Input tax credit system or ITC is a system of tax payment where business companies can claim credit on the extent of tax paid on each purchase in order to reduce their overall tax liability.

How does ITC work?

The method by which ITC works can be understood by the help of an example. If the MRP of a product is INR 1000, and the rate of GST is 18%, then the consumer has to pay a total of INR 1180 to the seller. This includes a GST of INR 180. Without the use of ITC, the seller has to pay that amount of GST to the government. However by using the system of ITC, the total tax which needs to be paid to the government can be reduced.

Conditions when ITC can be claimed

A business company which claims ITC must meet several requirements in order for the claim to be acceptable by the tax department.

  • The company must have a GST complaint invoice
  • The supplier of the company should upload the invoice to GSTN
  • The company supplier must have paid the amount of GST to the government
  • Returns should be filed

ITC notice to companies

It is absolutely clear that the system of ITC is highly advantageous to the business owners. However the tax department has issued notices to those companies which claimed ITC under the GST framework after they had missed the deadline set by the government. The tax department has asked these companies to reverse their previous transactions and pay interest on the credits. However this can prove to be disastrous to the tax payers since they would have to pay increased tax amounts to the government leading to their overall loss.

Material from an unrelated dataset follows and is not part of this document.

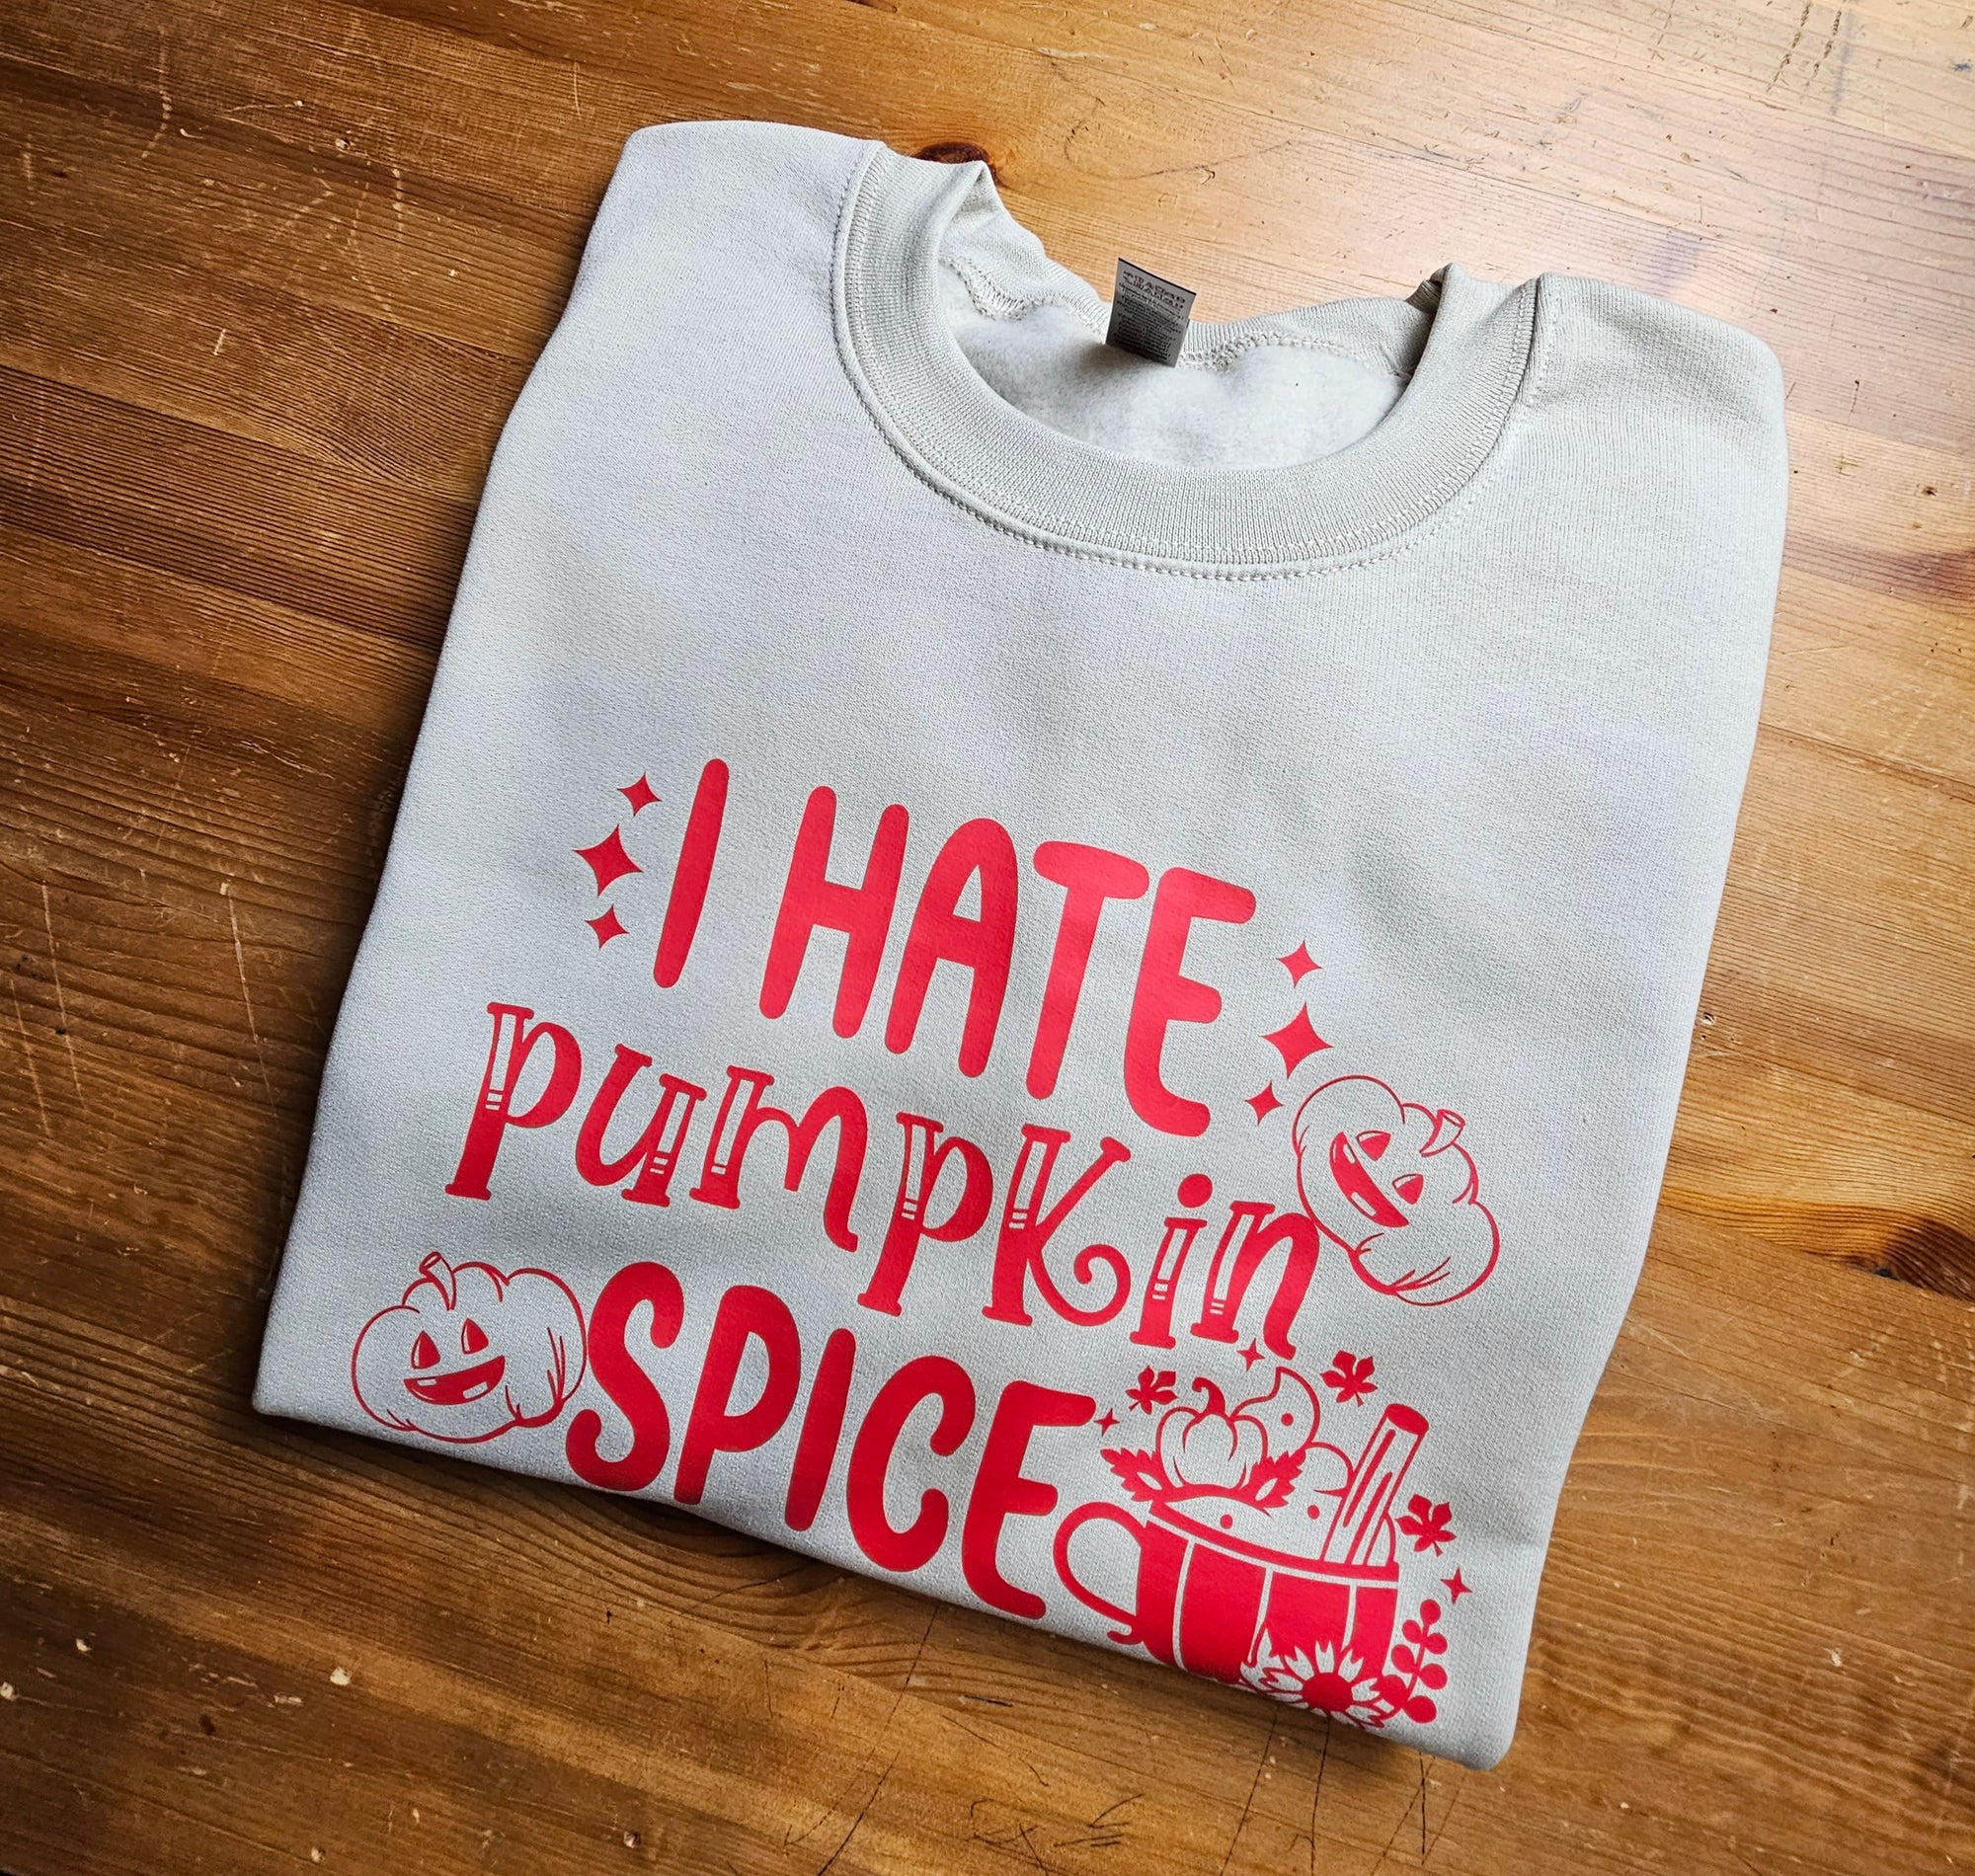 I hate pumpkin spice sweater

Tax experts however say, that these notice can be challenged in the court. Thus, the companies who had filed ITC have only two options left to them. The first is to pay the amount as asked by the tax department and the second is to challenge these notices in the court. The tax experts also said that the timeline cannot be considered mandatory for availing credit, since right is accrued at the time of making the payment and procuring the product.

The companies which have been handed these notices regarding the late filling of ITC are based largely in the States of Maharashtra, New Delhi, West Bengal and Tamil Nadu. If the tax department does not consider their ITC request, these companies will have to pay a huge amount of money along with interest which can bring down their financial position significantly, affecting the overall economy of the companies and ultimately the states.